The dollar, as every investor knows, has retreated significantly with some seasoned wine professionals, such a Casella Wines managing director, John Casella, forecasting that an exchange rate of US90c will restore Australia wine’s competitive position in the U.S.

While the dollar drop is important in helping exporters (and hindering importers) there are the other factors adding to confidence in a sustainable wine sector recovery. They are good growing seasons which have seen a 10% increase in grape production and a shift away from promoting Australian wine as “cheap and cheerful” to a try and capture a bigger share of the premium wine market with its higher profit margins.

A decade ago, when the dollar was valued at less than US60c, a flood of cheap Australian wine hit the shelves in Britain, Europe and the U.S. where it competed in a category best known by the nickname of one US winery: “two buck chuck”, which isn’t as awful as it sounds because the name came from Charles Shaw Wines, a super-cheap wine producer.

Unfortunately for Australian wine exporters they mistook volume for value and found themselves in a cut-price, cut-throat, pricing trap which made profits hard to earn during a period of low exchange rates, and impossible when the dollar rose.

Listed wine stocks

This time around the Australian wine industry is aiming to chase quality rather than volume which should be good news for wine producers and investors, if they can find a way into the industry which boils down to three possibilities; Treasury Wine Estates, Australian Vintage or through a new wine float which enterprising investment banks will be working on now.

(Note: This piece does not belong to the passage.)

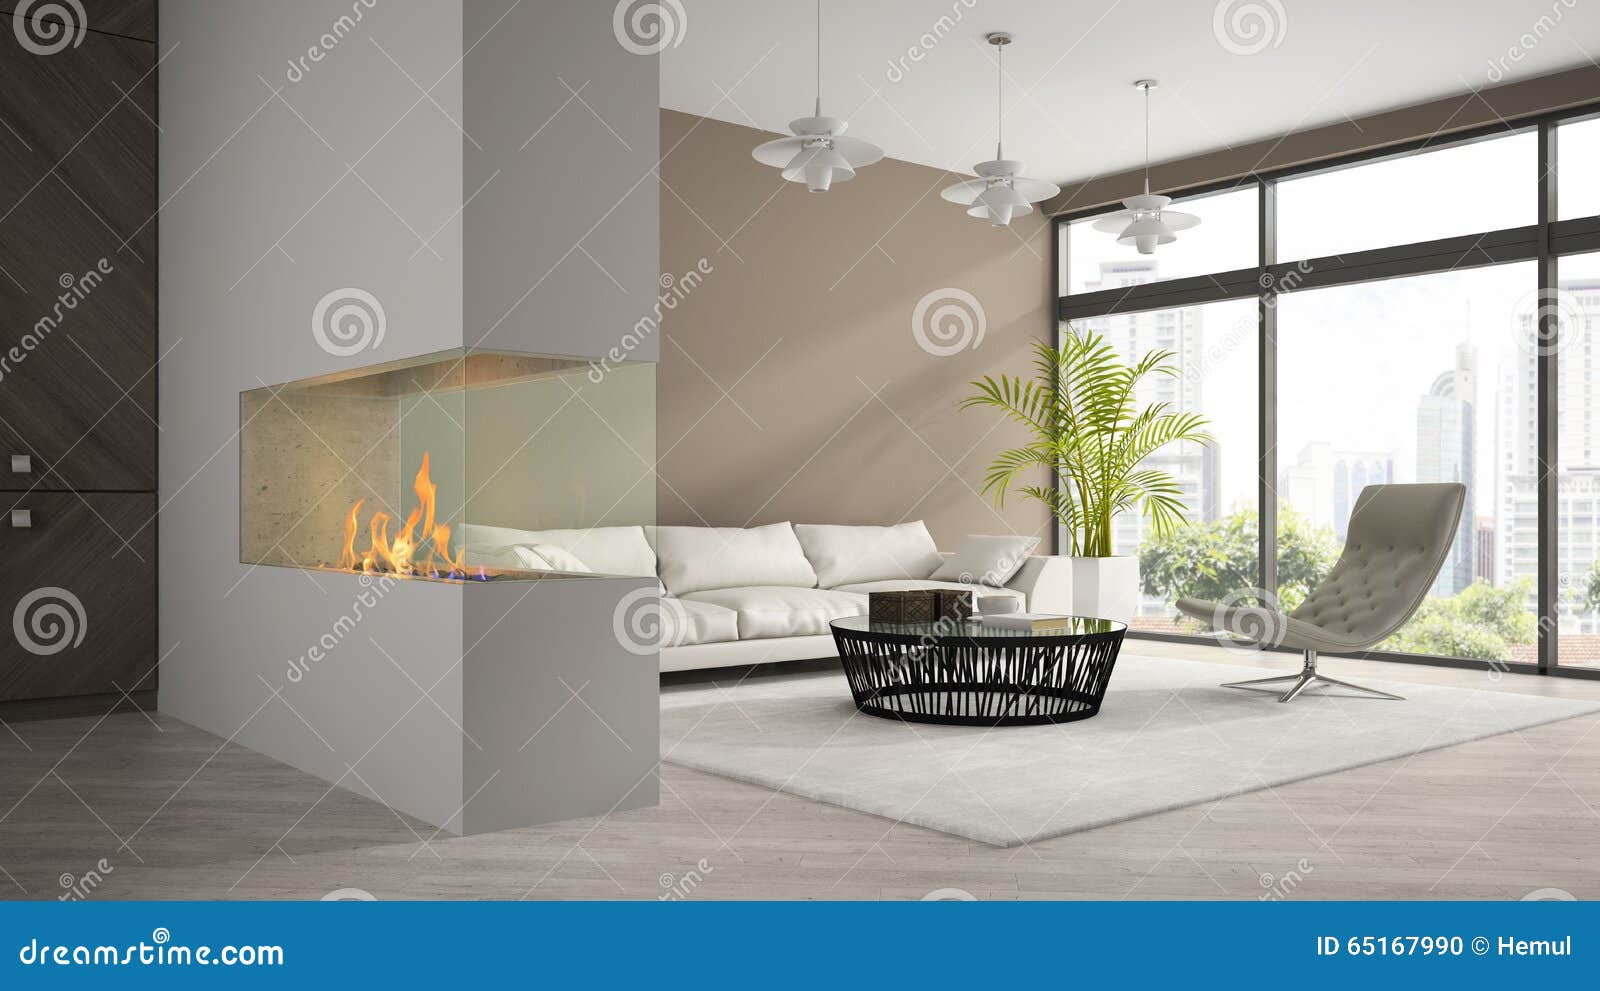 Innenraum Des Modernen Dachbodens Mit Kamin Und Weißes Sofa 3D übertragen  Stock Abbildung - Illustration von raum, küche: 65167990

Waiting for a new float is not an option, neither is exposure to wine via a supplier to the industry, which leaves either TWE or AVG, both of which have enjoyed a share price recovery over the past 12-months as early-bird speculators take positions ahead of a potential profit recovery.

Of the two stocks TWE is by far the biggest with a market capitalisation of $3.83 billion, some 60-times more than AVG’s $63.6 million.

However, of interest to investors, both companies are profitable, both are dividend payers and while a comparison between a micro-cap in AVG and TWE, which ranks as the 63rd most valuable company listed on the ASX is a meaningless exercise, there are common factors driving both companies.

AVG, in its latest crop report (vintage) and trading update, noted a sharply higher grape crush (153,000 tonnes this year v 120,000 tonnes last year), high grape quality and with a profit forecast to be in line with last year when $7.1 million was earned from $228 million in revenue with a 2.6c dividend paid.

If that forecast holds then at a current share price of 48c AVG shares are on a dividend yield of around 5.4%, which is high by the standards of bigger companies and probably reflects the risk profile in wine production.

TWE, which owns some of Australia’s best-known wine labels such as Penfolds, Rosemount and Seppelt, is generating a less attractive dividend yield of 2.2% but that’s largely a result of a sharply higher share price.

Since January, TWE shares have risen by 26% a function of the overall wine sector recovery, TWE’s unique status as the sole big listed wine company to survive which narrows investor choice, and persistent takeover speculation which is a function of international interest in Australian agribusiness. 

Once the ugly duckling of a failed experiment which tried to combine combining a beer business with a wine business TWE now looks to be a company with a share price that has probably moved ahead of its profits.

The price rise from $4.70 at the start of the year to recent trades around $5.93 makes it one of the better performers on the ASX, well ahead of the more popular bank sector.

Can it continue? Perhaps, but unlikely with most analysts concerned that the stock has got ahead of itself, even though profit for the current year is expected to show a reasonable increase to $175 million (versus estimate of $135 million for the year which ended on June 30), with the dividend expected to rise from 13c this year a share to 17c.

The consensus view of TWE is sell which is ironic given the consensus view of the wine sector is buy – if you can find a way in.